» **RECORDS**
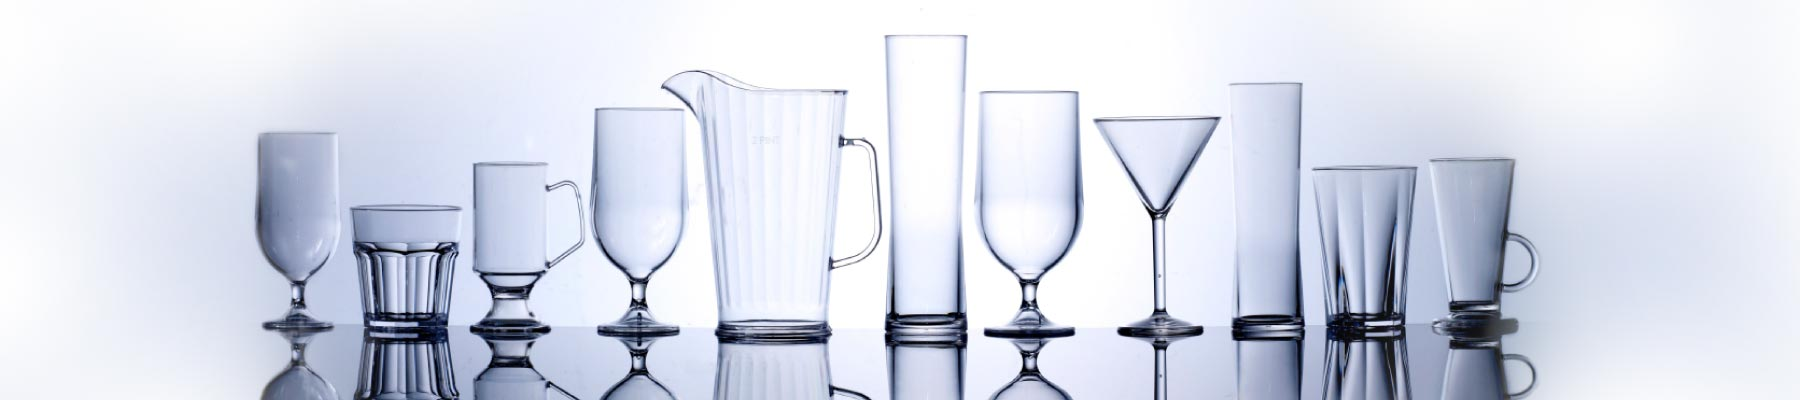 Large plastic glassware suppliers in Hampshire
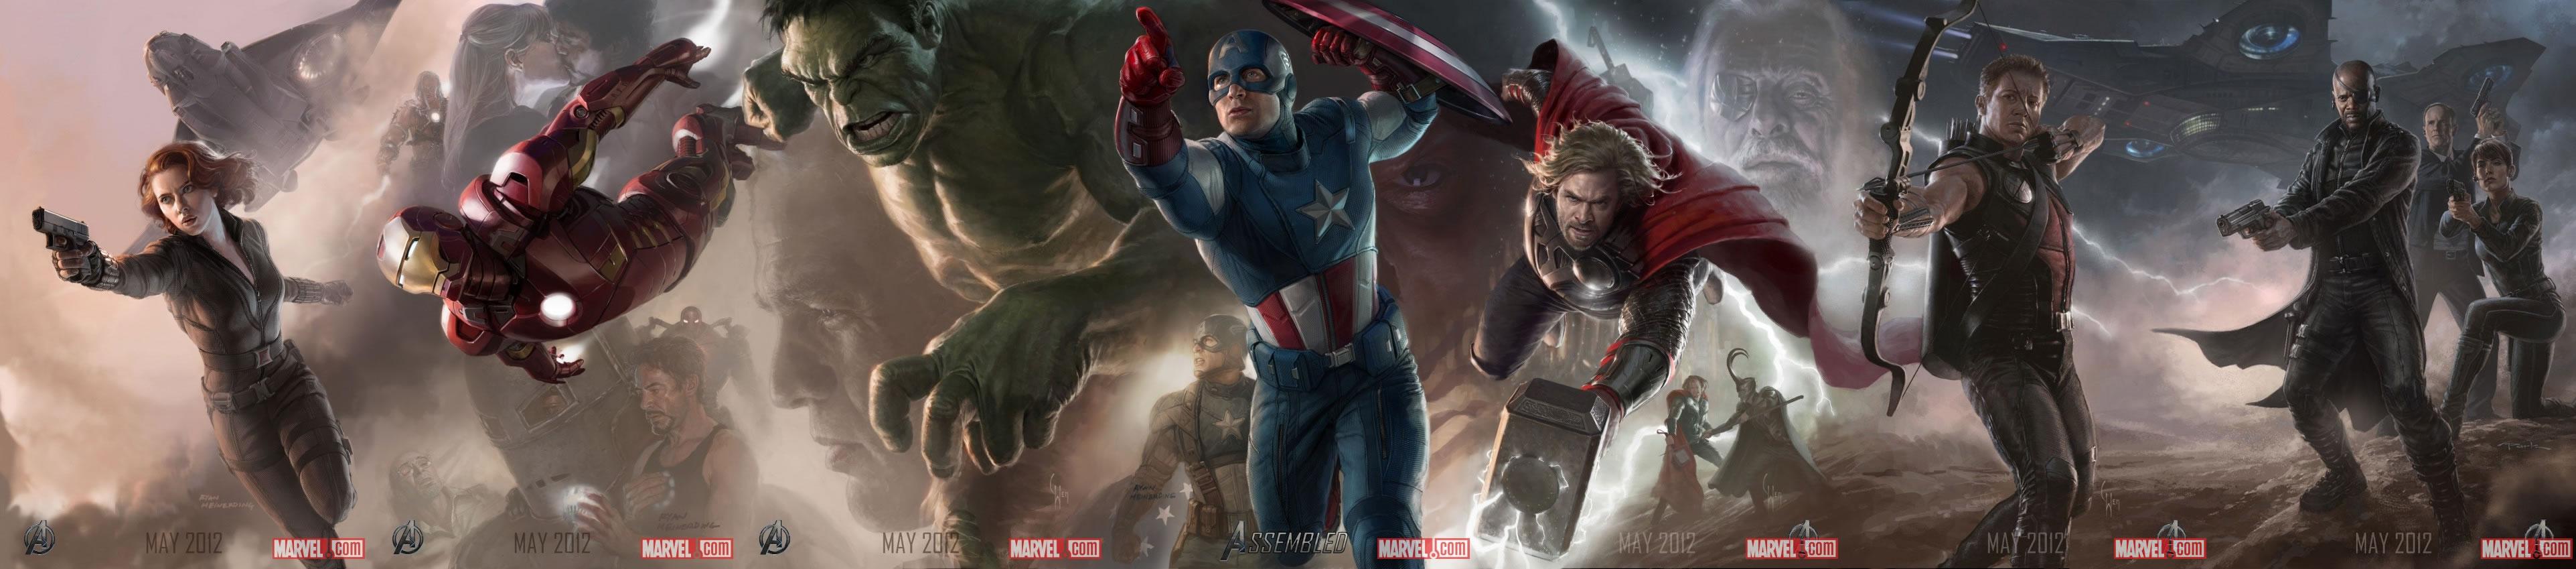 The Captain America/Chris Evans Thread - Page 3 Avengersassemblelarge
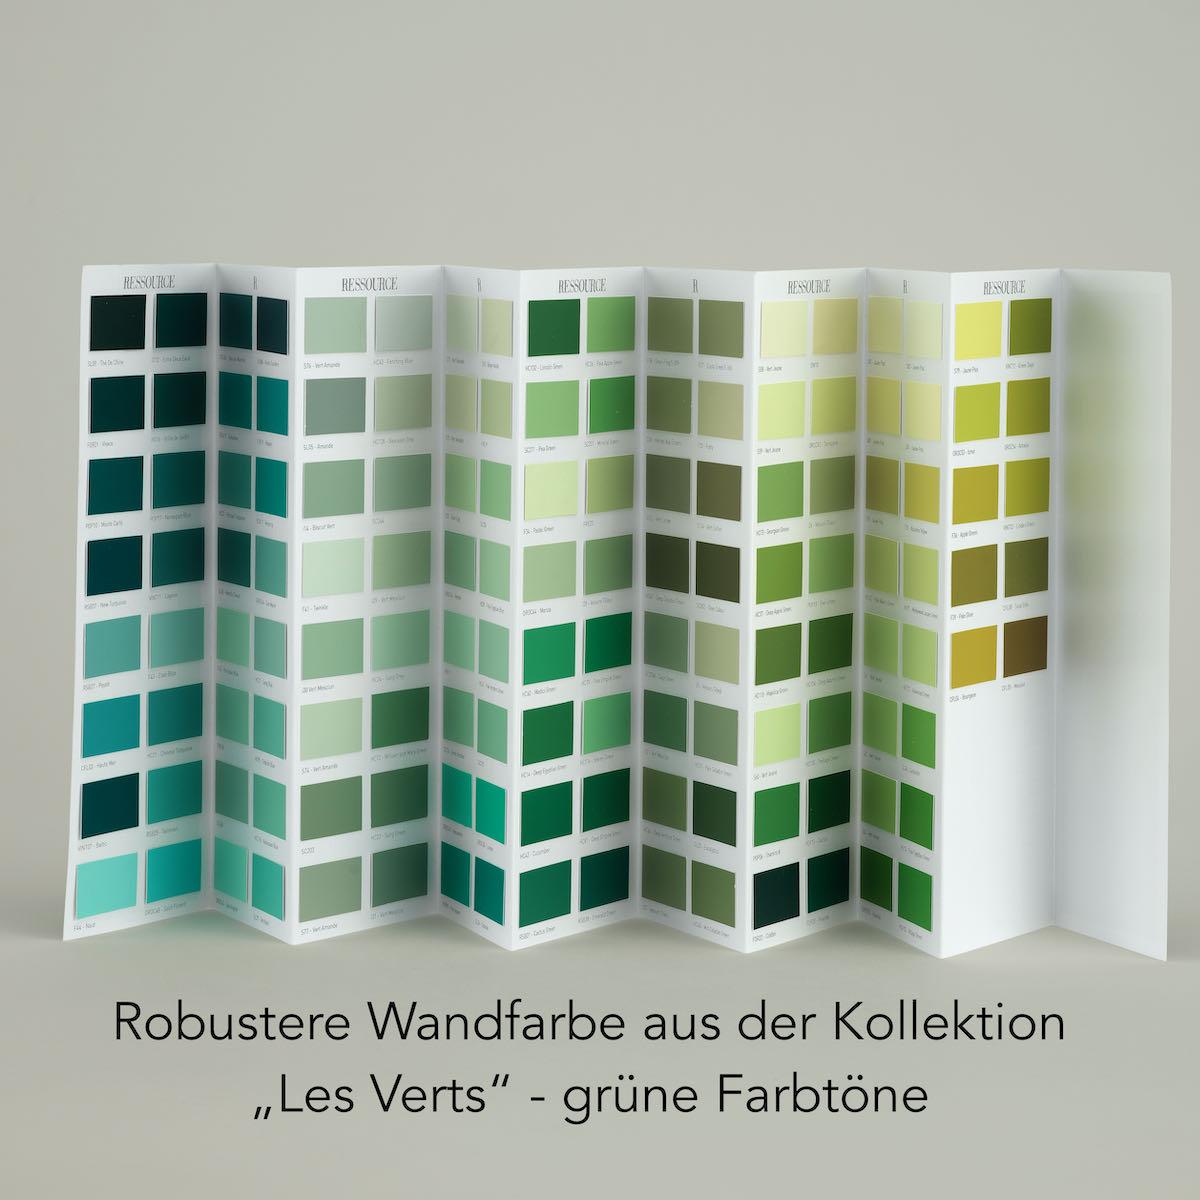 Grüne Farbtöne Ressource
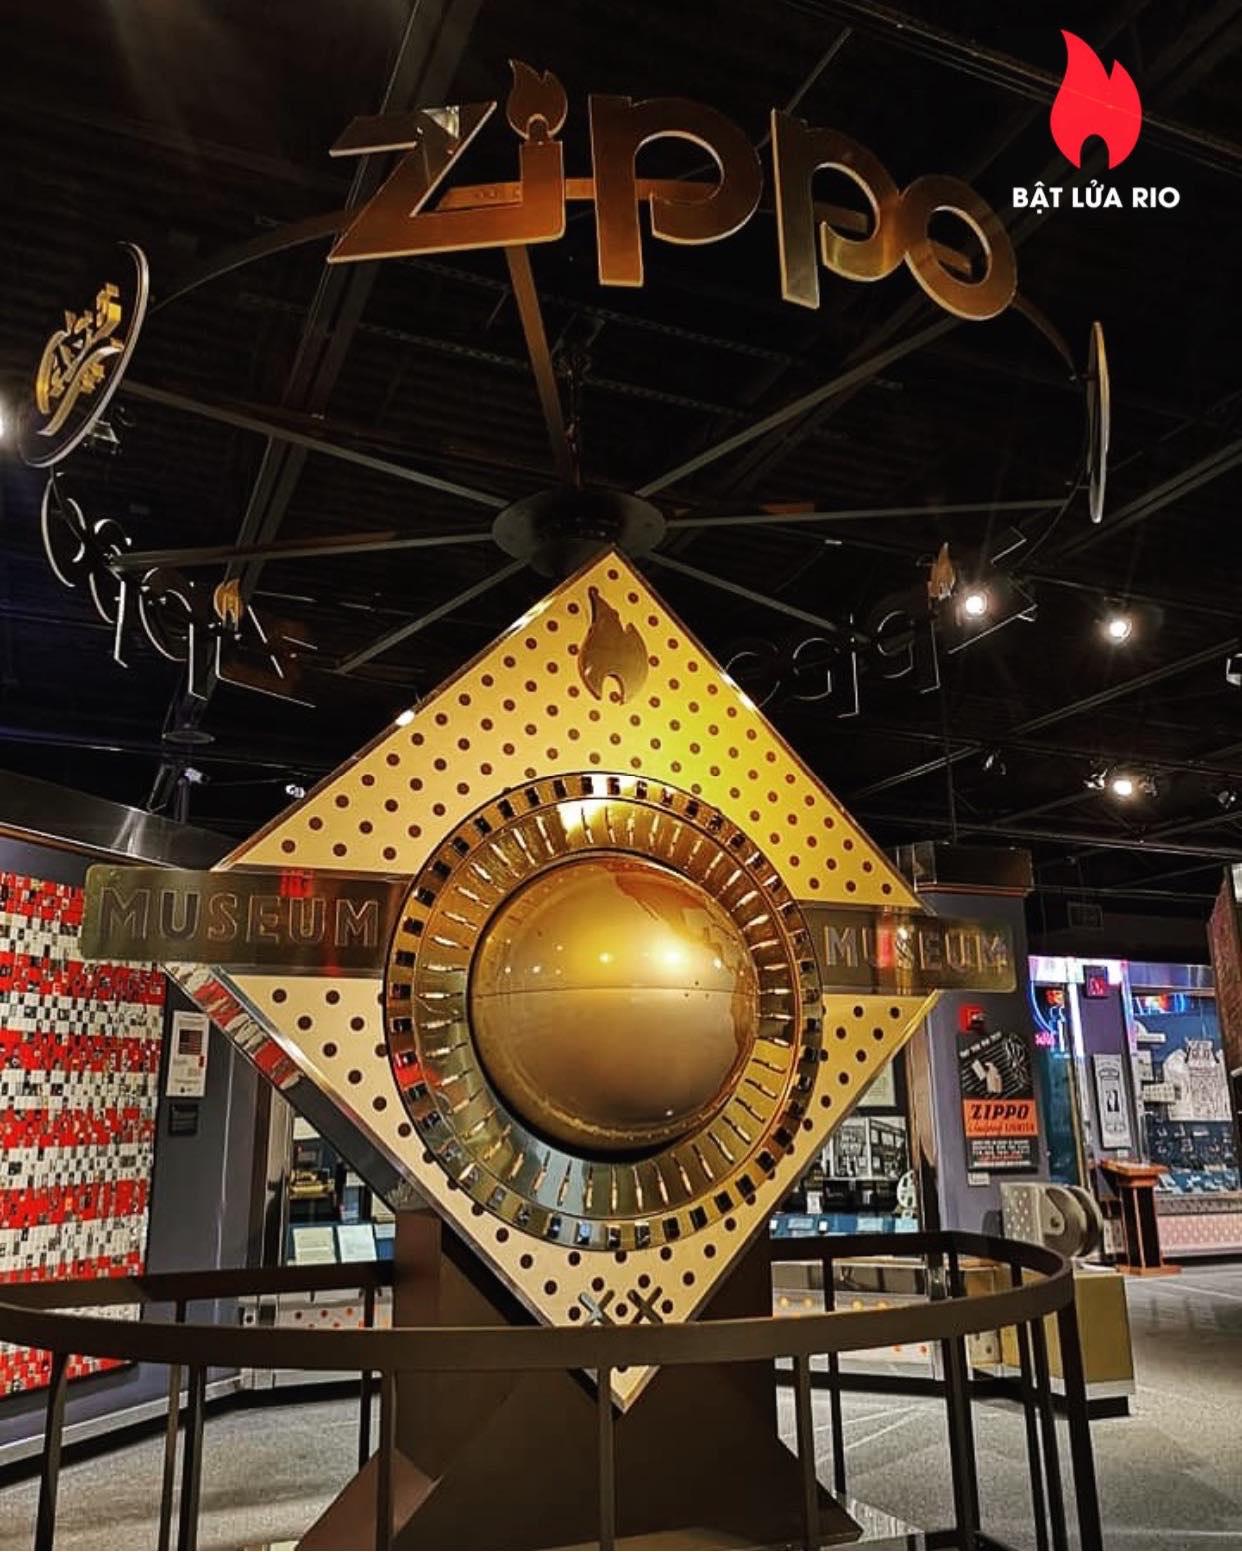 THAM QUAN BẢO TÀNG ZIPPO/CASE - ZIPPO/CASE MUSEUM 84
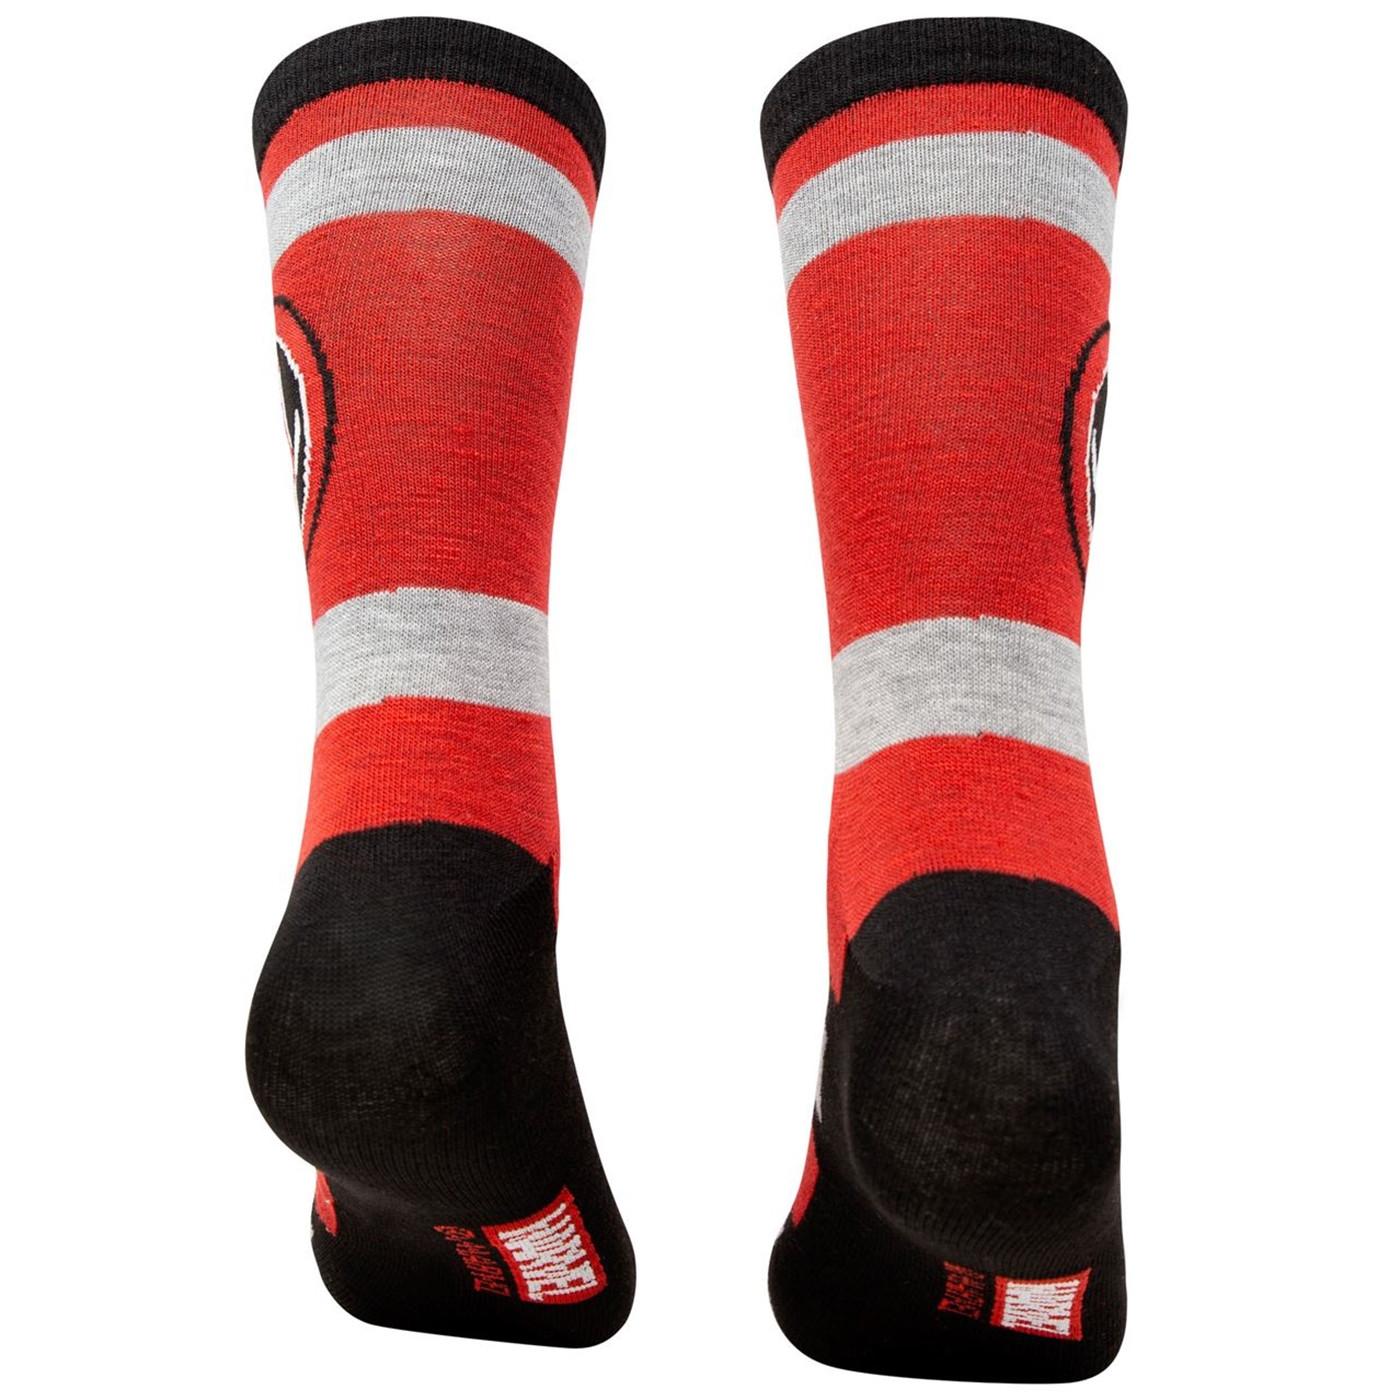 Deadpool Costume and Symbols Men's 2-Pack Crew Socks

» **WHAT NEEDS TO BE DONE**
With every picture removed, give the entries above again exactly.

» **SOLUTION**
 Large plastic glassware suppliers in Hampshire
 The Captain America/Chris Evans Thread - Page 3 Avengersassemblelarge
 Grüne Farbtöne Ressource
 THAM QUAN BẢO TÀNG ZIPPO/CASE - ZIPPO/CASE MUSEUM 84
 Deadpool Costume and Symbols Men's 2-Pack Crew Socks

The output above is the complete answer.